I am new to African cichlids, but have experience in keeping South American cichlids (such as discus and oscars) in bare bottom tanks. Personally, I like the ease of cleaning bare bottomed tanks.

Are there any reasons why mbunas, for example, cannot thrive in a bare bottomed tank containing adequate rockwork?


----------



## ILCichlid (Feb 27, 2012)

I've found that Mbuna like to dig and filter sand. I can't say that they wouldn't thrive but I know I would never make my mbuna live with a barebottom tank.


----------



## brinkles (Jan 30, 2011)

You'll miss out on watching some behaviors, that's about it.


----------



## theboothsociety (Jan 3, 2012)

adequate rock work on a bare bottom tank = scary if those rocks fall


----------



## Secretninja (Dec 25, 2011)

The healthiest cichlids I have ever seen are in a lfs that has glass bottoms in almost every tank.

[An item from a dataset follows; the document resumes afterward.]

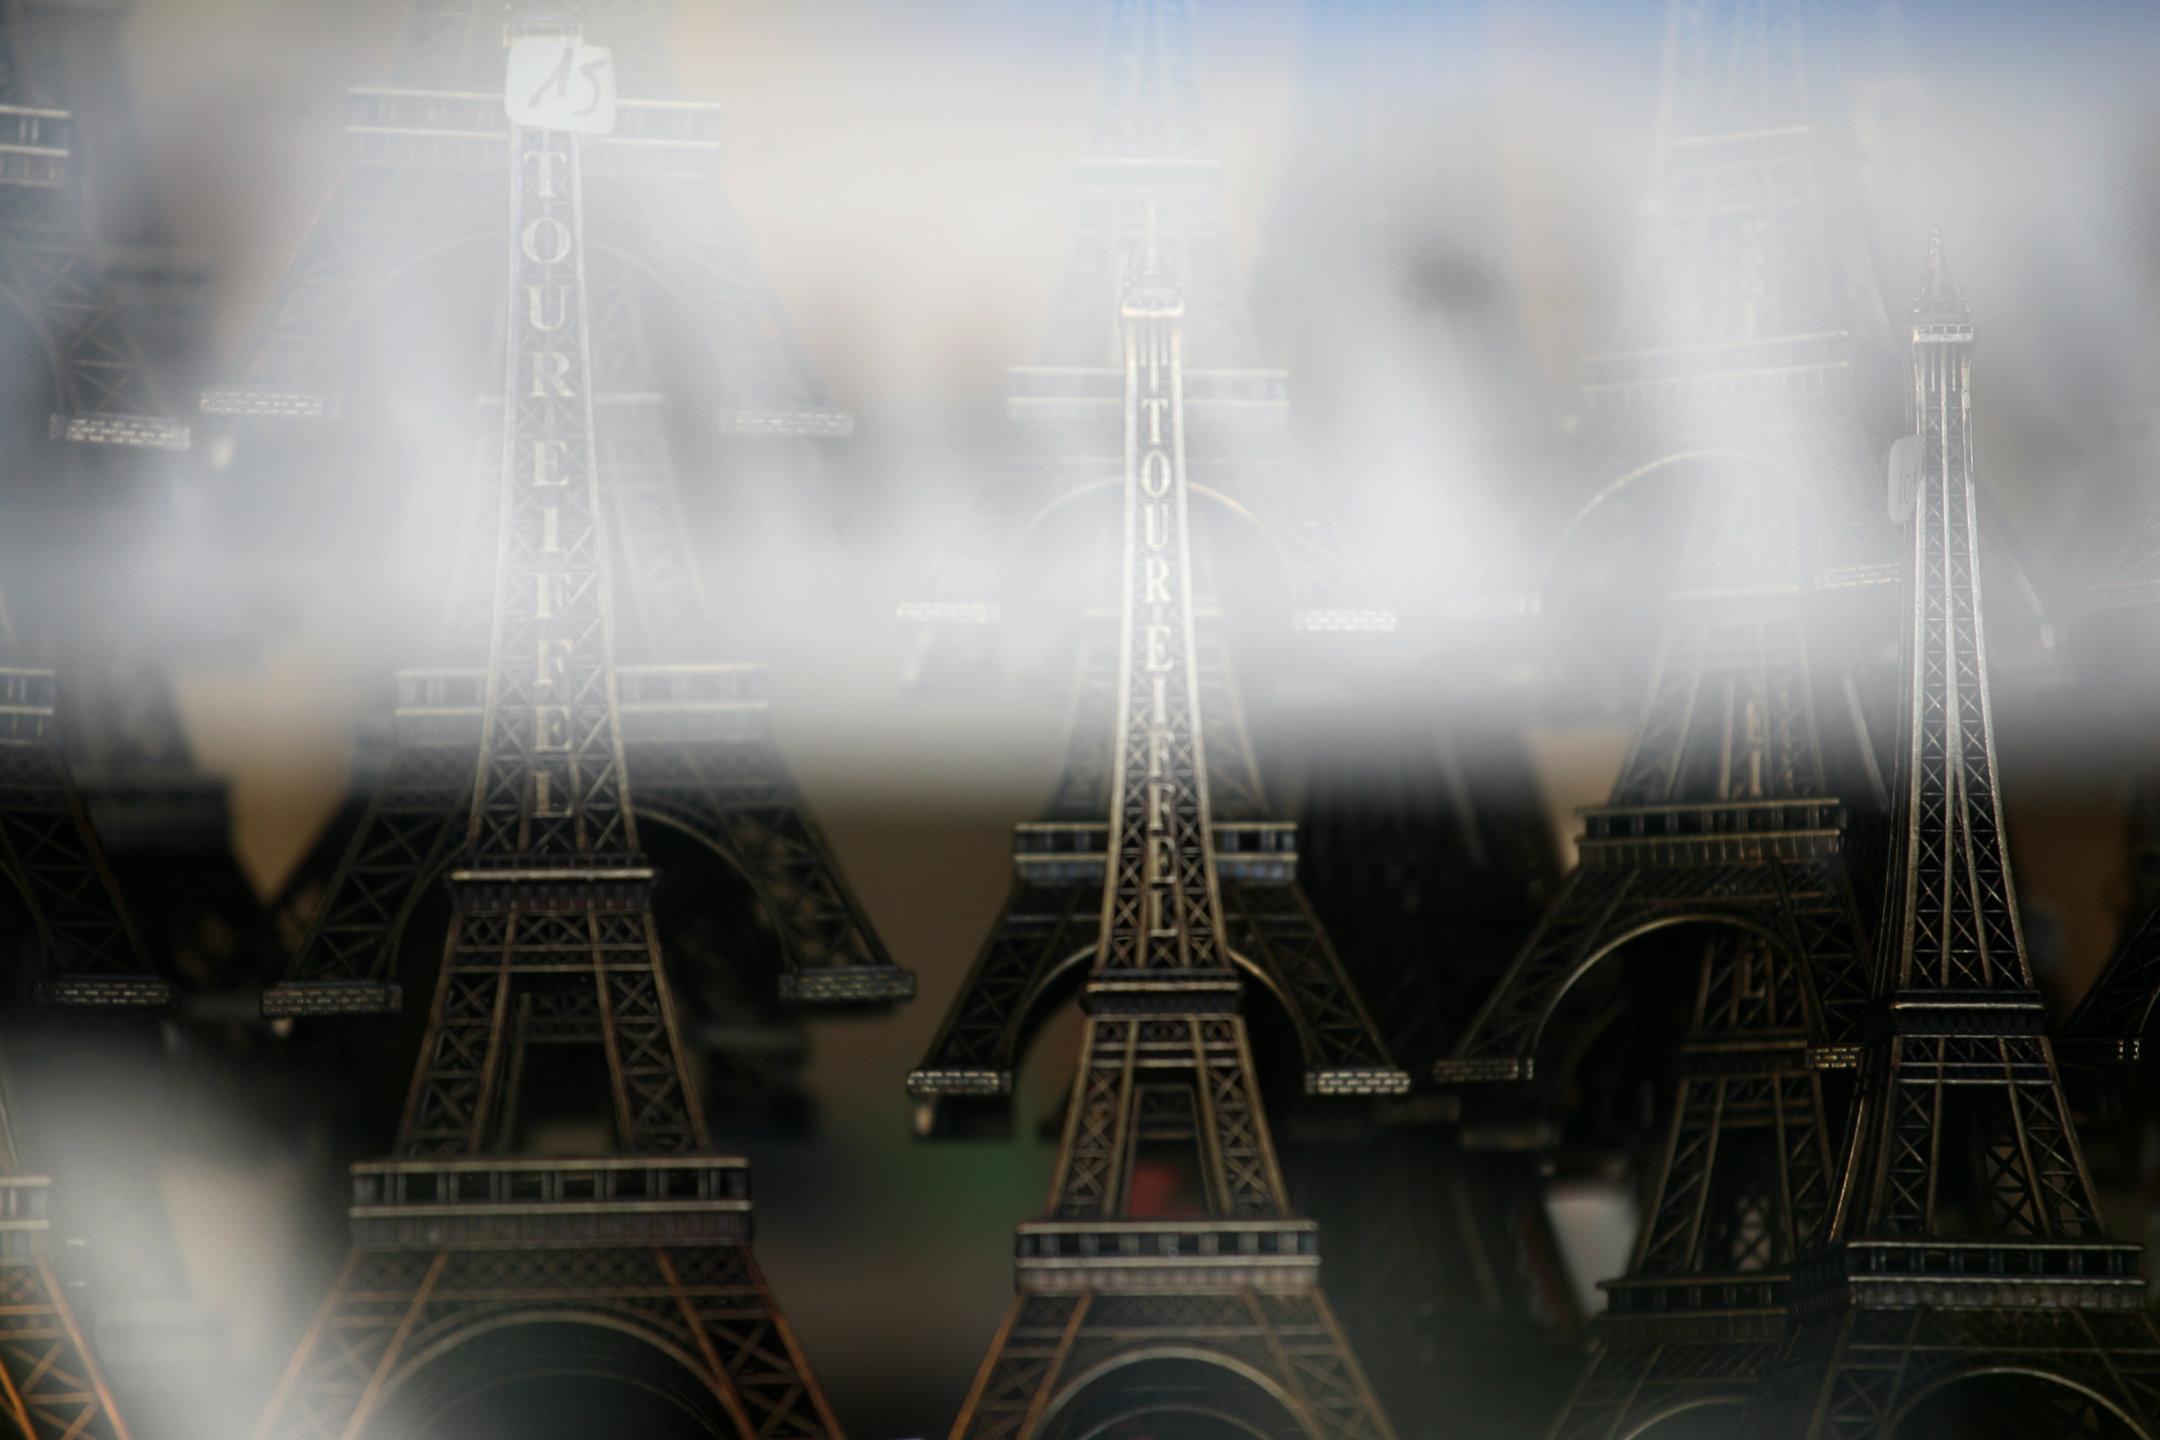 Torre_3.jpg

That being said, mbuna do not require near the babying that discus do.


----------



## GaFishMan1181 (Dec 17, 2008)

My tank has sand and rocks however I have ran a tank bare bottom with no rocks and no decor.

A few things I noticed (compared to tanks with rocks and substrate):

My mbuna didnt color up as much, they were less aggressive and less territorial, but when a fish did get harrassed they had no where to hide and would get abused more.

|As far as sand go some fish play in it alot and some could care less.


----------



## theboothsociety (Jan 3, 2012)

Secretninja said:


> The healthiest cichlids I have ever seen are in a lfs that has glass bottoms in almost every tank.
> 
> That being said, mbuna do not require near the babying that discus do.


If the "healthiest" cichlids you've ever seen were in a "LFS", you've obviously never seen a real cichlid tank.

Healthy and LFS does not go together. LOL


----------



## Fishingback (Feb 9, 2012)

It's fun to watch mbuna play in the sand.


----------



## Vince-Lenny (Oct 3, 2011)

Thanks for the reply everybody. I appreciate all of the input.

For now, I think that I will plan on going bare-bottomed with fake rocks. If I ever change my mind, it would be easier to add sand rather than removing it.


----------